President Calderón called for a change in Mexico's oil industry after output at Pemex fell at the fastest rate since 1942. His comments came after Petrobras and London-based BP said they made a "giant" oil find of as much as 3 Goilbbl in the Gulf of Mexico, southeast of Houston. According to Mexican Energy Minister Georgina Kessel, Mexico may seek to emulate Brazilian Oil rules that strengthened Petroleo Brasileiro SA as it considers regulation changes to revive the oil industry.

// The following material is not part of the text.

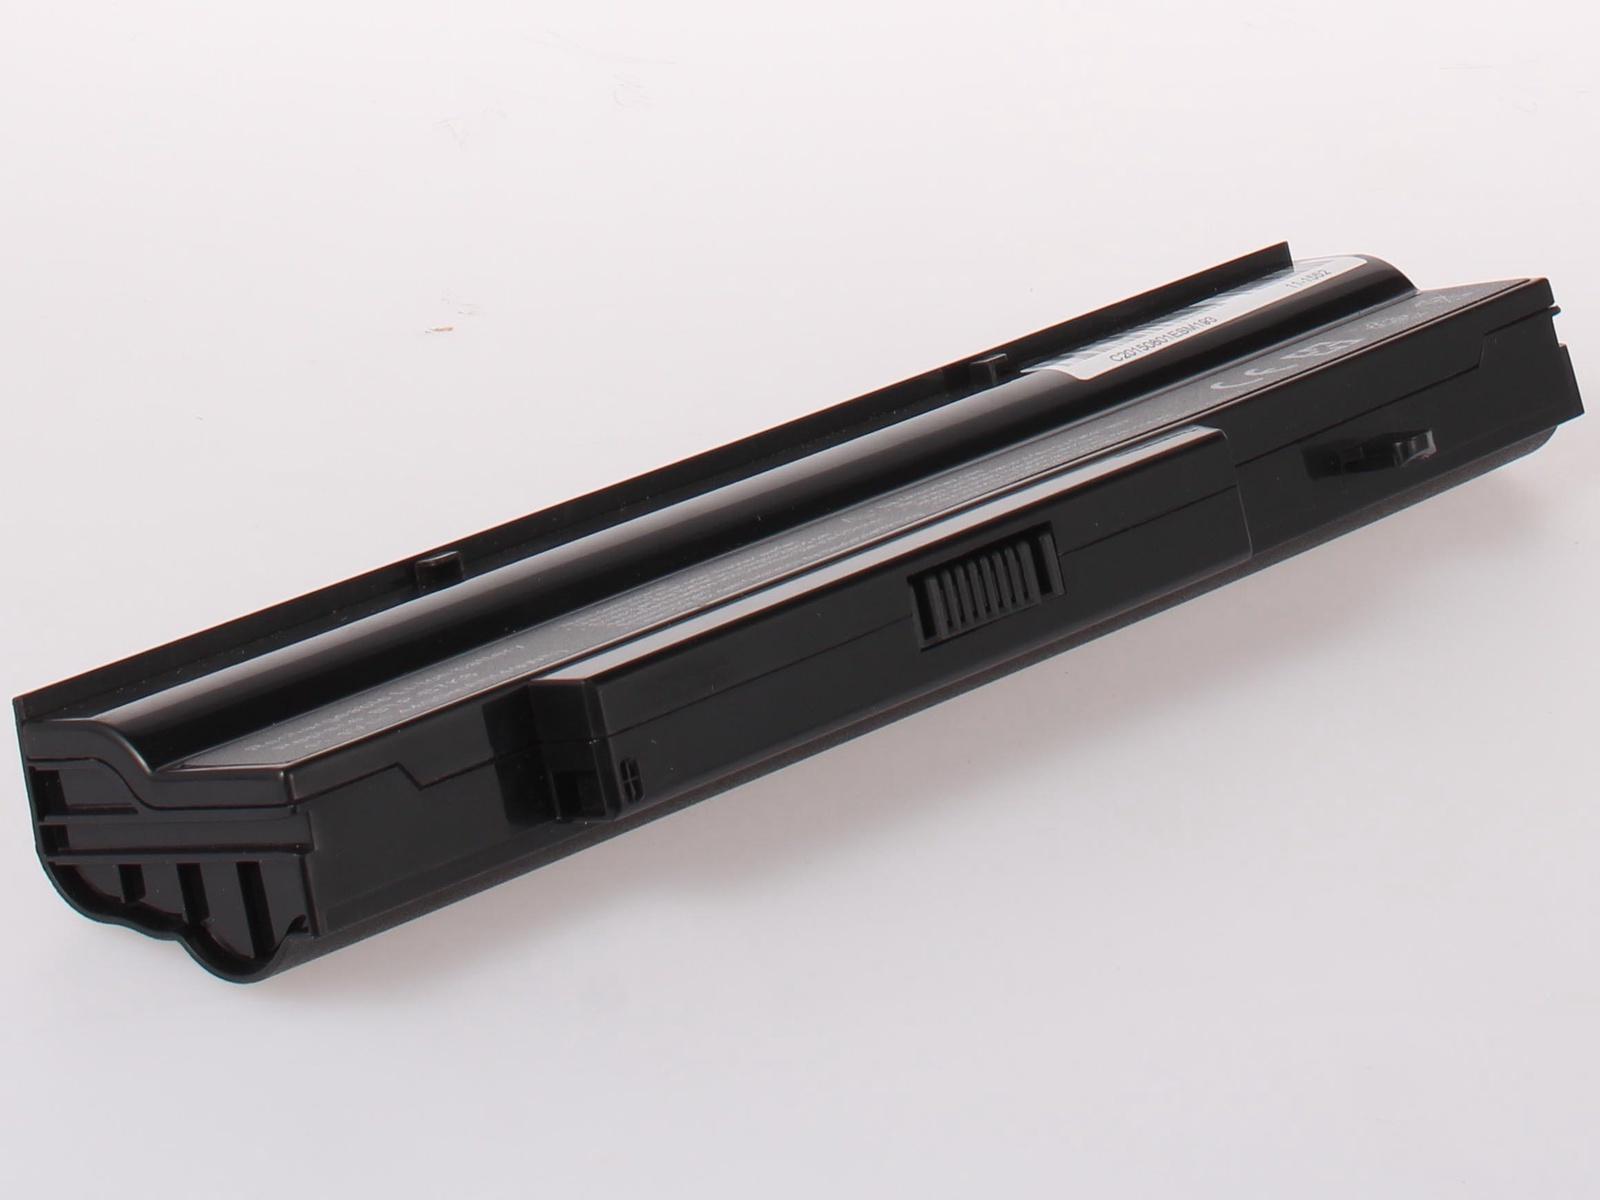 Аккумулятор для ноутбука AnyBatt для Fujitsu-Siemens Esprimo Mobile V6505, Esprimo Mobile V6535, Amilo Li 1720, Amilo Pro V3545, Amilo Li 2735, Amilo Li2727, Amilo Li 2732, Amilo Li1720, Amilo Li1718, Amilo Pro V8210

In January 2014, Pemex signed a cooperation agreement with the Russian oil company Lukoil focusing on oil production and field exploration as well as exchange of knowledge in the aforementioned areas, including actions for ecological preservation and environmental protection. In February 2016, Emilio Lozoya Austin stepped down as CEO of Pemex and was replaced by José Antonio González Anaya. On November 27, 2017, José Antonio González Anaya was appointed to be the Secretary of Finance and Public Credit. Carlos Alberto Treviño Medina was appointed CEO, sequentially.

In July 2021, it was announced that PEMEX.UL for liquefied petroleum gas (LPG) distribution was to be created. Even though Pemex is highly indebted, it is still determined to assist the poor that are affected by the rising energy prices. In an unexpected turn of events, Pemex saw profits of $719 million in the second quarter of 2021. Also in July 2021, the SENER appointed Pemex as the operator for the Zama oil field which was originally discovered by Talos Energy in 2017. The two companies shall work together for the final development of Zama. In September that year, Talos disputed the governments decision, since Pemex doesn't have the required $2 billion for the oil fields development.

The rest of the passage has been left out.